In general, a factor graph represents $X \subseteq {\mathcal P}(\Omega)$ by a bipartite graph with a variable node for each $i \in \Omega$, a factor node for each $\alpha \in X$, and an edge between $\alpha$ and $i$ whenever $i \in \alpha$, as depicted below.
Fields and Potentials
Definition. Given $X \subseteq {\mathcal P}(\Omega)$, we call potential a collection of local observables $(h_\alpha)_{\alpha \in X}$ where $h_\alpha \in {\mathbb R}^{E_\alpha}$ for all $\alpha \in X$, and denote by:
$$ A_0(X) = \bigoplus_{\alpha \in X} A_\alpha \quad \mathrm{with} \quad A_\alpha = {\mathbb R}^{E_\alpha} $$or simply by $A_0$ when unambiguous, the space of potentials over $X$.
Letting $\int_X h = \sum_\alpha h_\alpha$ denote the global hamiltonian $H_\Omega$ as defined by equation $(\ref{H_Omega})$, potentials span a subspace of $A_\Omega$ through the total energy map:
\[\begin{equation} \label{int_X} \int_X : \left\{ \begin{array}{lll} A_0 &\longrightarrow & A_\Omega \\[0.2cm] h &\longmapsto & \displaystyle \sum_\alpha h_\alpha \end{array} \right. \end{equation}\]The image $[A_0]$ of $\int_X$ is not isomorphic to $A_0$, as the local subalgebras $A_\alpha$ for $\alpha \in X$ are not in direct sum within $A_\Omega$.

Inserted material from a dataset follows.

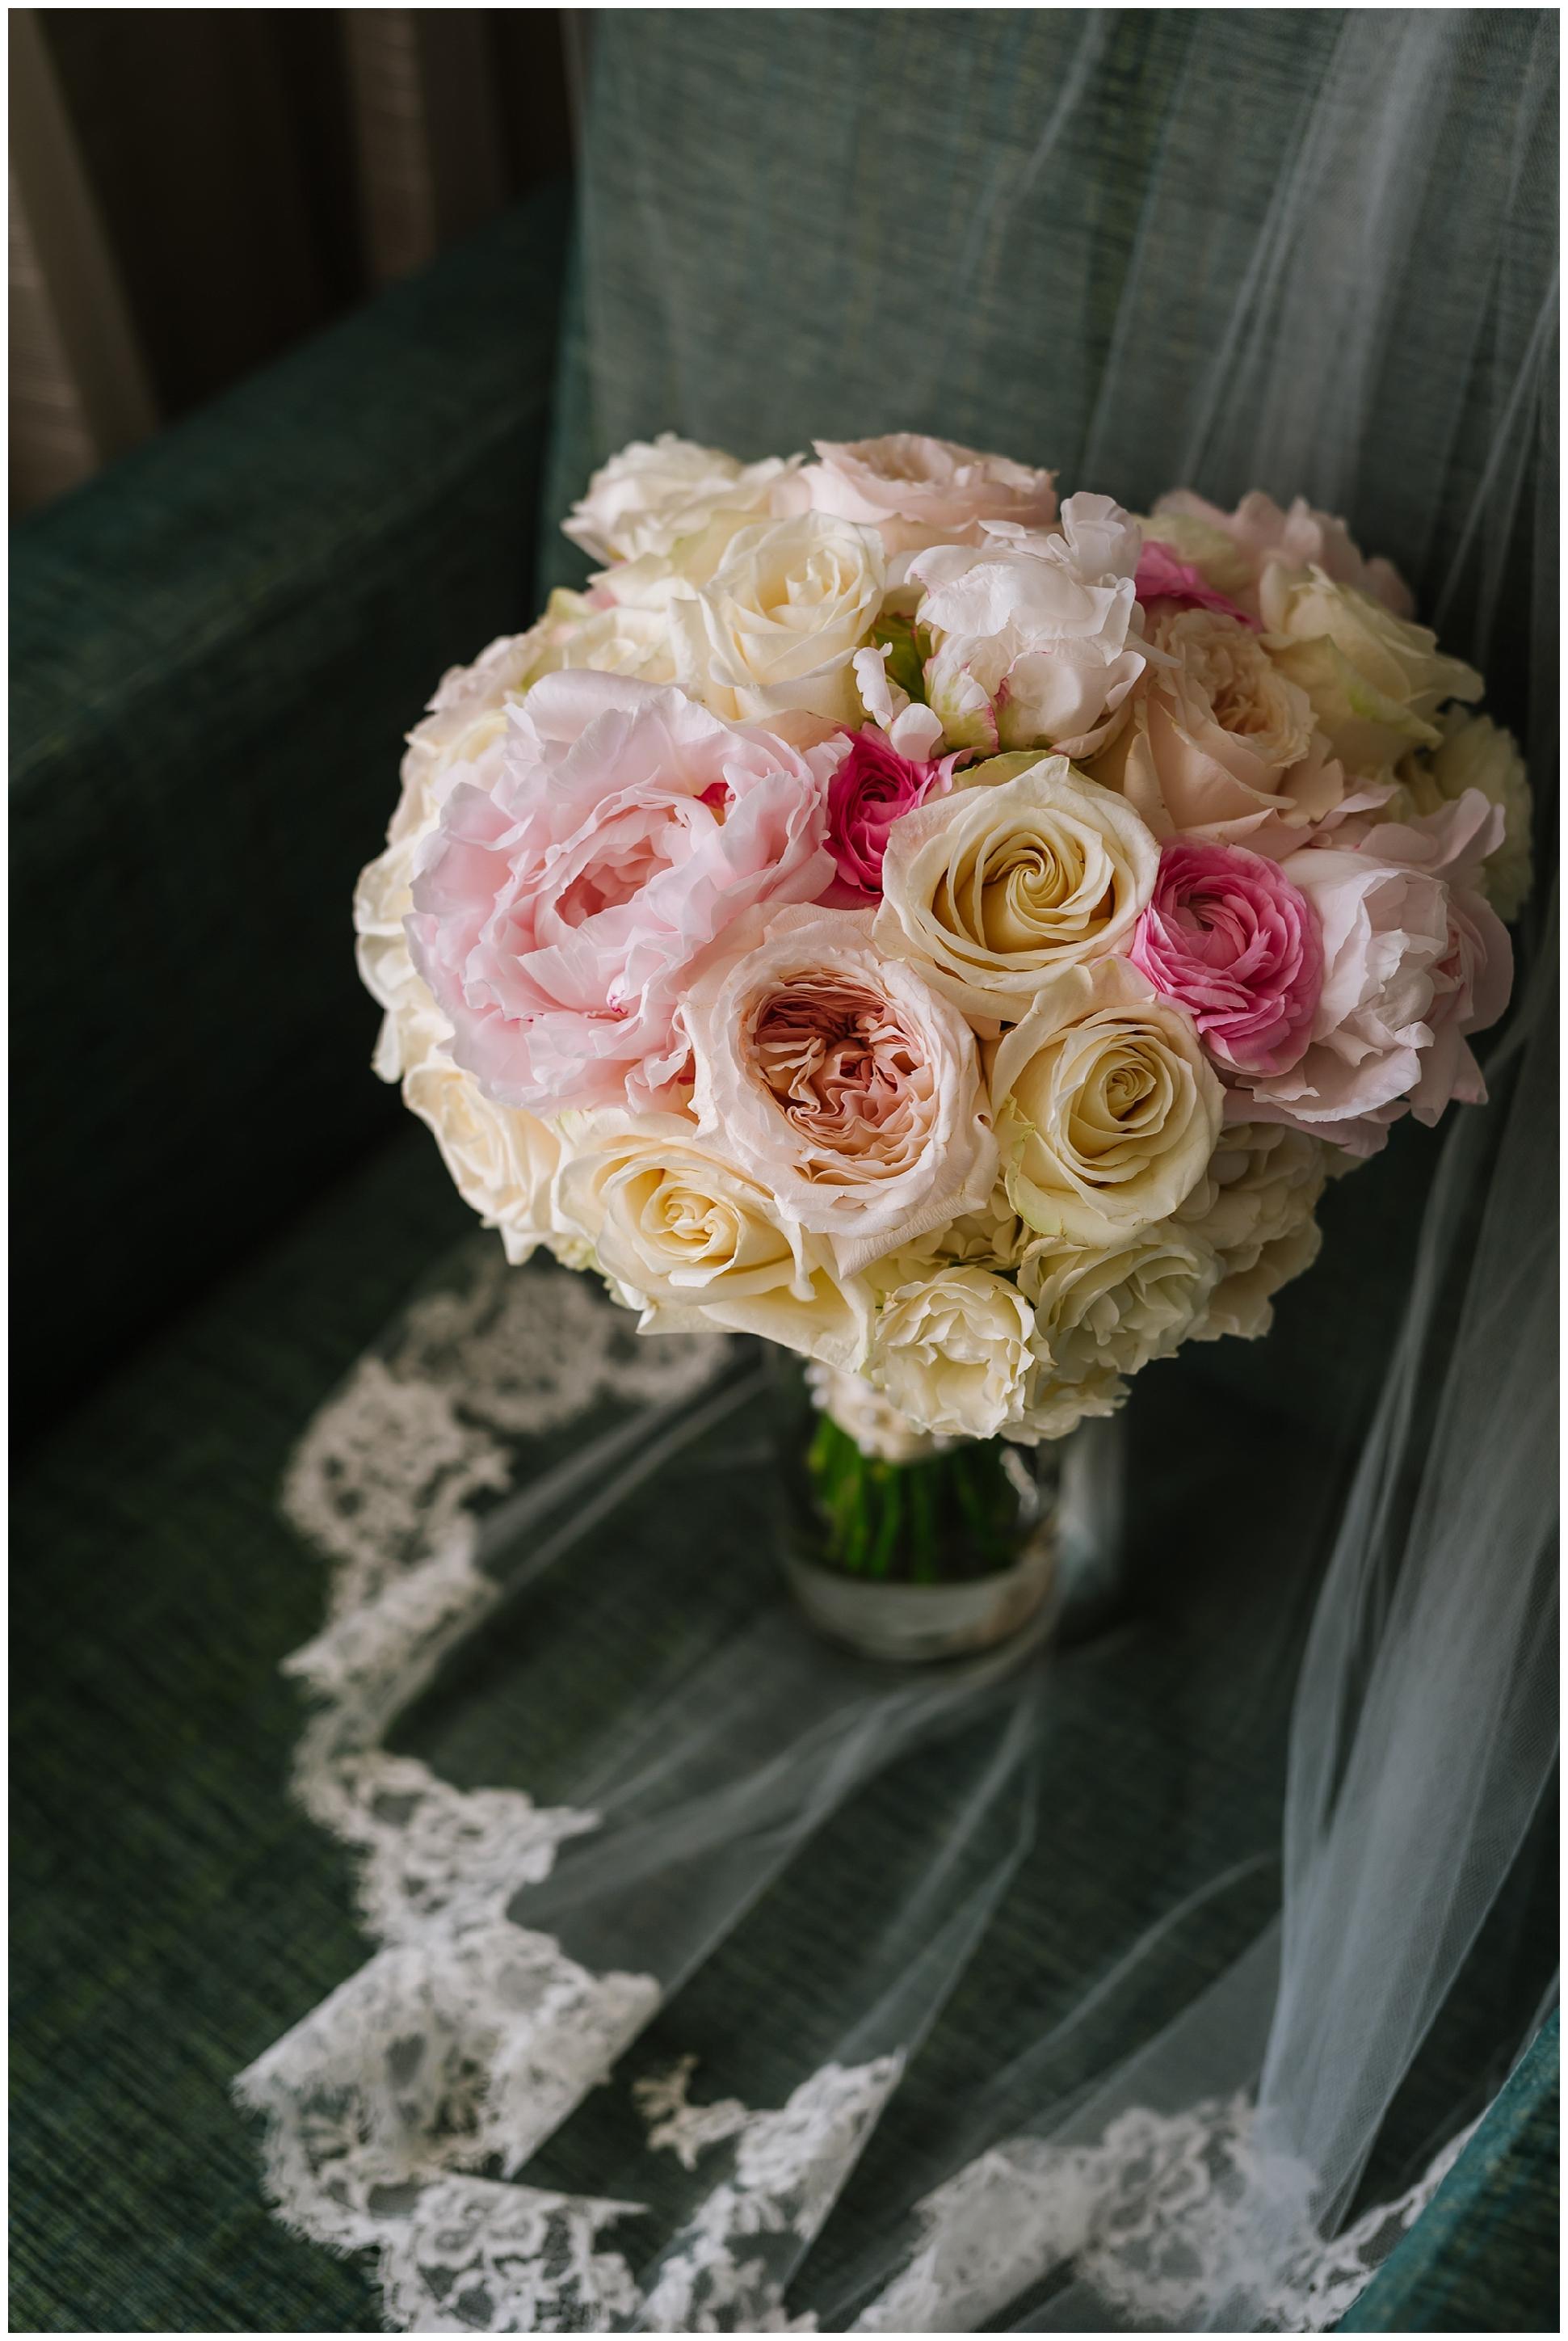 Sarasota-wedding-photographer-hyatt-regency-blush_0007.jpg

Definition. Given $X \subseteq {\mathcal P}(\Omega)$, we call current a collection of local observables $(\varphi_{\alpha \to \beta})$ where $\varphi_{\alpha \to \beta}\in {\mathbb R}^{E_\beta}$ is an observable on $\beta$ for all $\alpha \supset \beta$ in $X$, and denote by:
$$ A_1(X) = \bigoplus_{\alpha \supset \beta} A_{\alpha\to\beta} \quad \mathrm{with} \quad A_{\alpha\to \beta} = {\mathbb R}^{E_\beta} $$or simply by $A_1$ when unambiguous, the space of currents over $X$.

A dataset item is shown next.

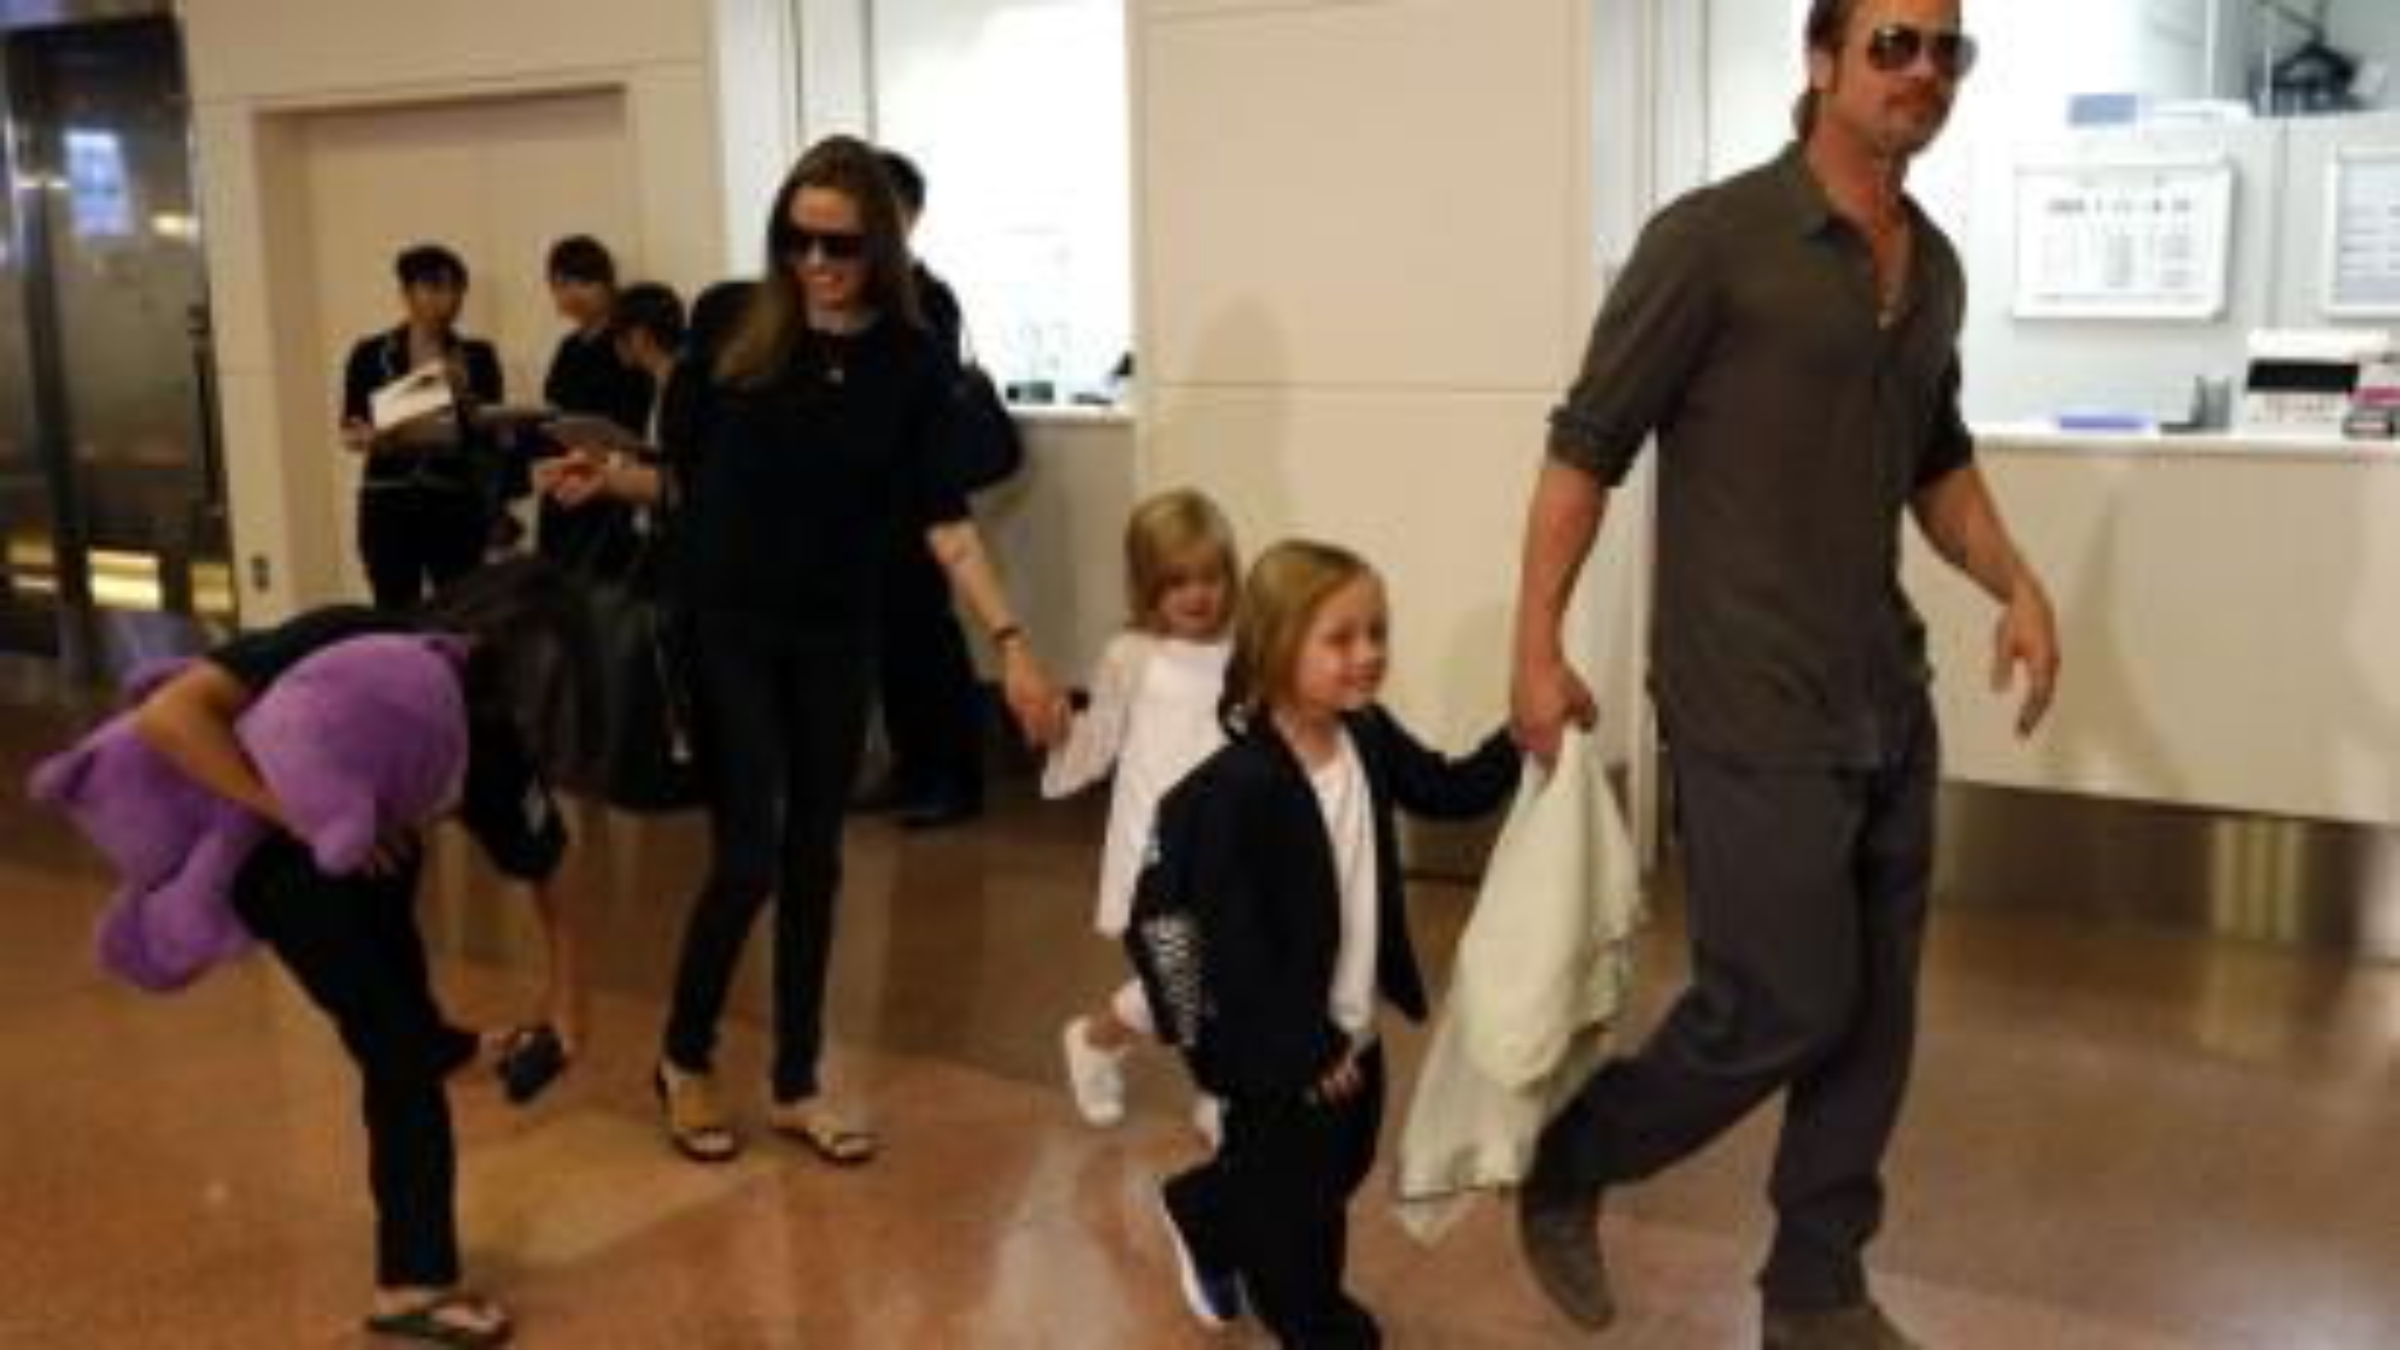 Angelina Jolie Brad Pitt and their children

Currents are to potentials what vector fields are to scalar fields, a discrete analogy with differential geometry that is naturally expressed with the language of homology.

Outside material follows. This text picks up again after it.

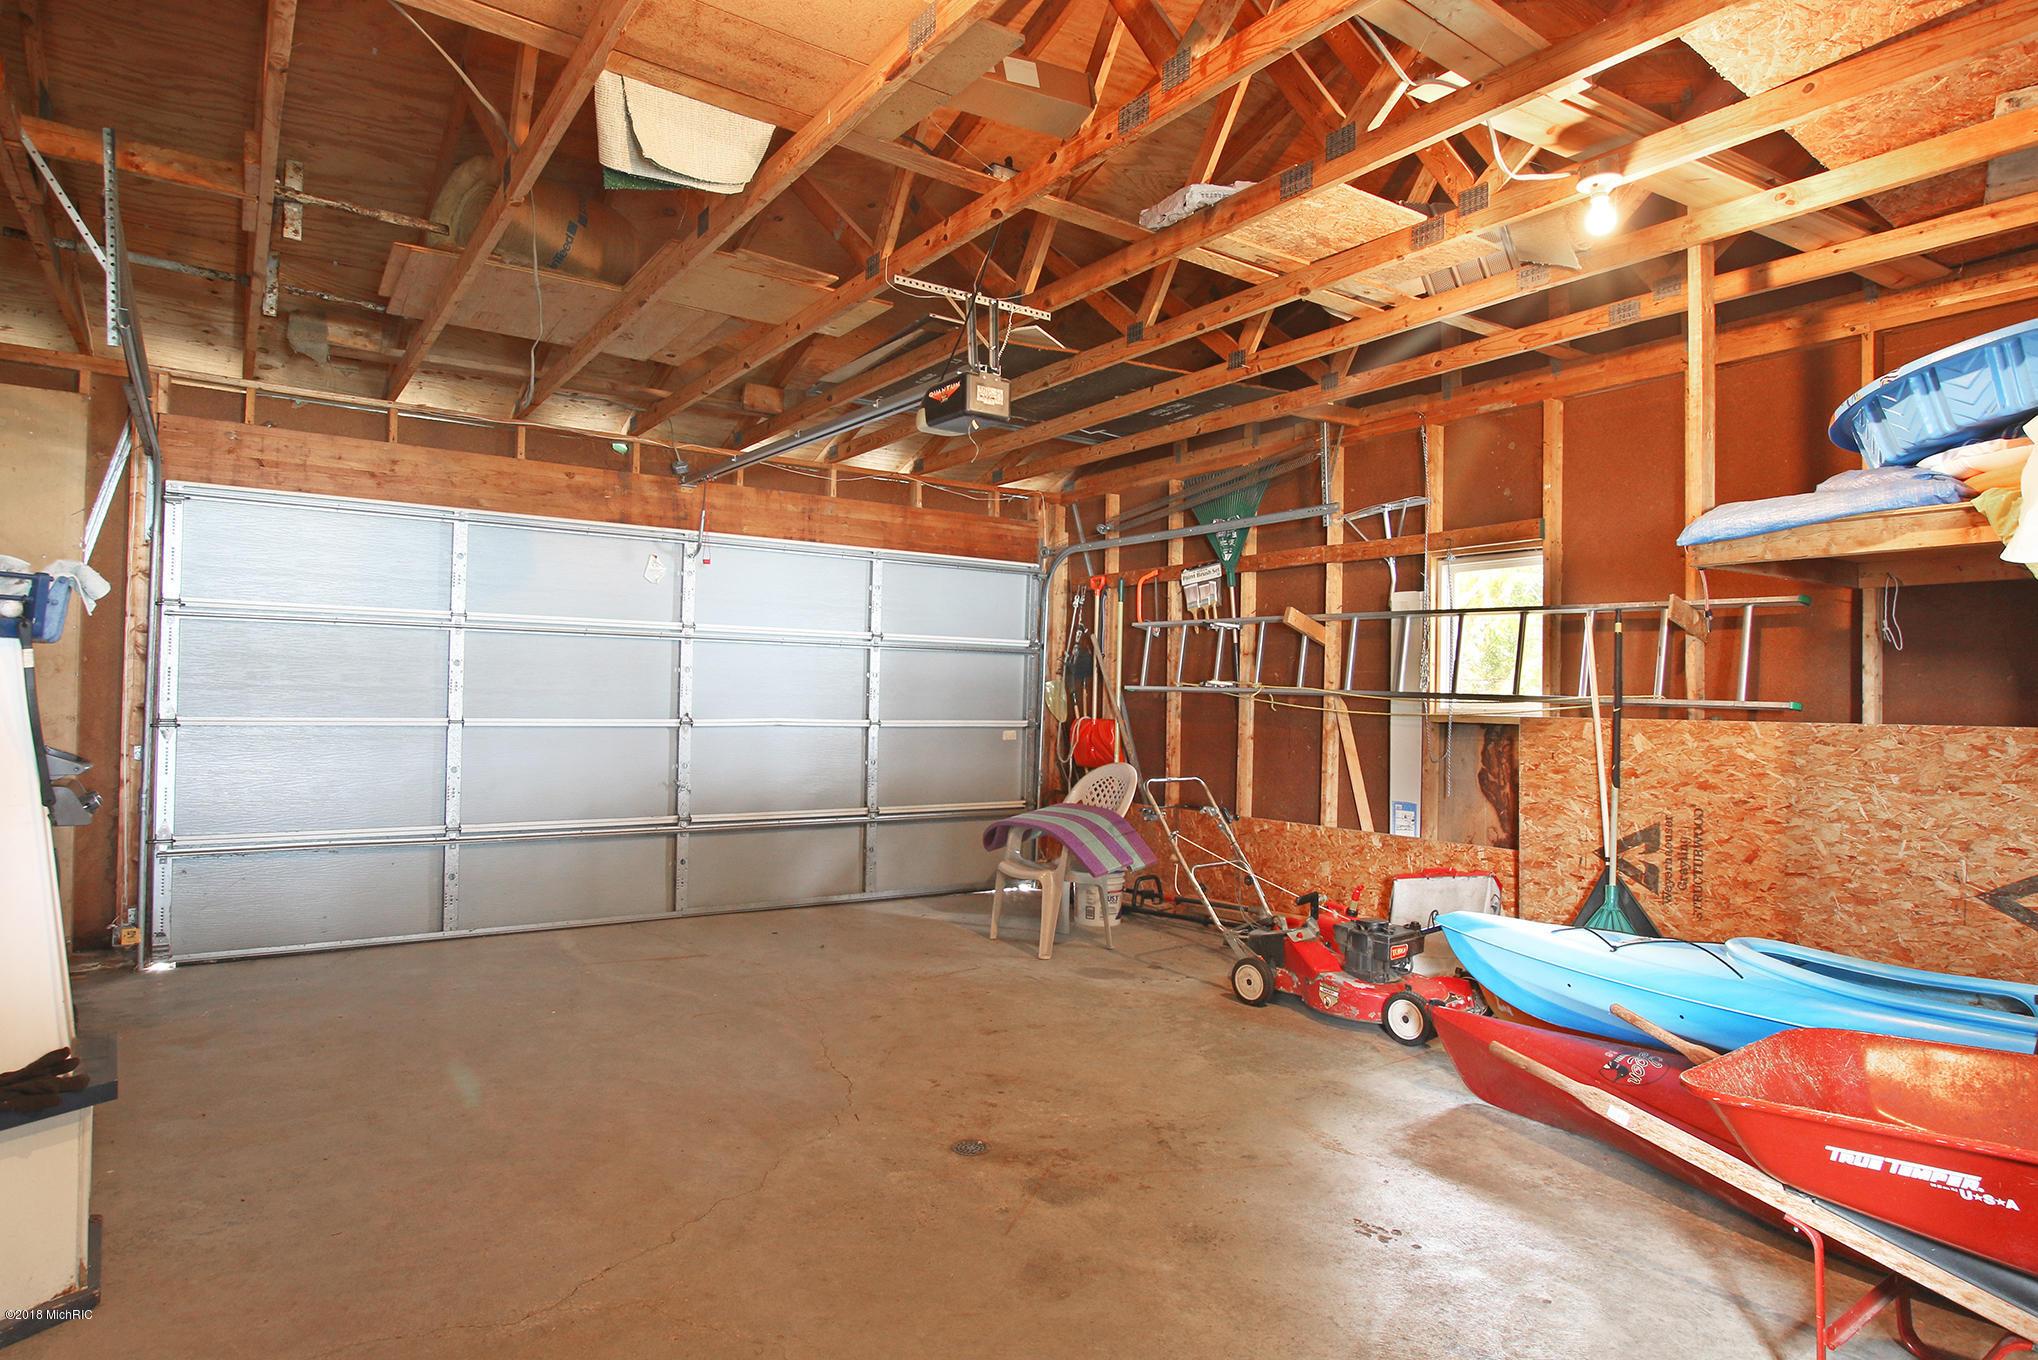 Interior of 2 stall garage

We show that $[A_0]$ is naturally isomorphic to the first homology $A_0 / \delta A_1$ of a chain complex of observable fields $(A_\bullet, \delta)$ that naturally extends $A_0$, i.e:
- a graded vector space $A_\bullet = A_0 \oplus A_1 \oplus \dots \oplus A_n$,
- a boundary operator $\delta : A_{p + 1} \to A_p$ satisfying $\delta \circ \delta = 0$,
This means that $\delta A_1$ is precisely the kernel of the total energy map $\int_X : A_0 \longrightarrow A_\Omega$ defined by equation $(\ref{H_Omega})$, its image being hence isomorphic to:
\[[A_0] \simeq A_0 / \delta A_1\]Definition. We call divergence the linear map $\delta : A_1 \to A_0$ defined for every $\varphi \in A_1$ by:
$$ (\delta \varphi)_\beta (x_\beta) = \sum_{\alpha' \supset \beta} \varphi_{\alpha' \to \beta}(x_\beta) - \sum_{\beta \supset \gamma'} \varphi_{\beta \to \gamma'}(x_{\gamma'}) $$Two potentials $u$ and $h$ are called homologous if and only if they only differ by a divergence. Denoting by $[h] = h + \delta A_1$ the homology class of $h \in A_0$:
\[[ h ] = [ u ] \quad \Leftrightarrow \quad \exists \varphi \in A_1 \quad u = h + \delta \varphi\]The fundamental theorem (2.13) shows that $[h] = [u]$ if and only if $\int_X h = \int_X u$, i.e. $[A_0] = A_0 / \delta A_1$ and global hamiltonians are homology classes of local potentials.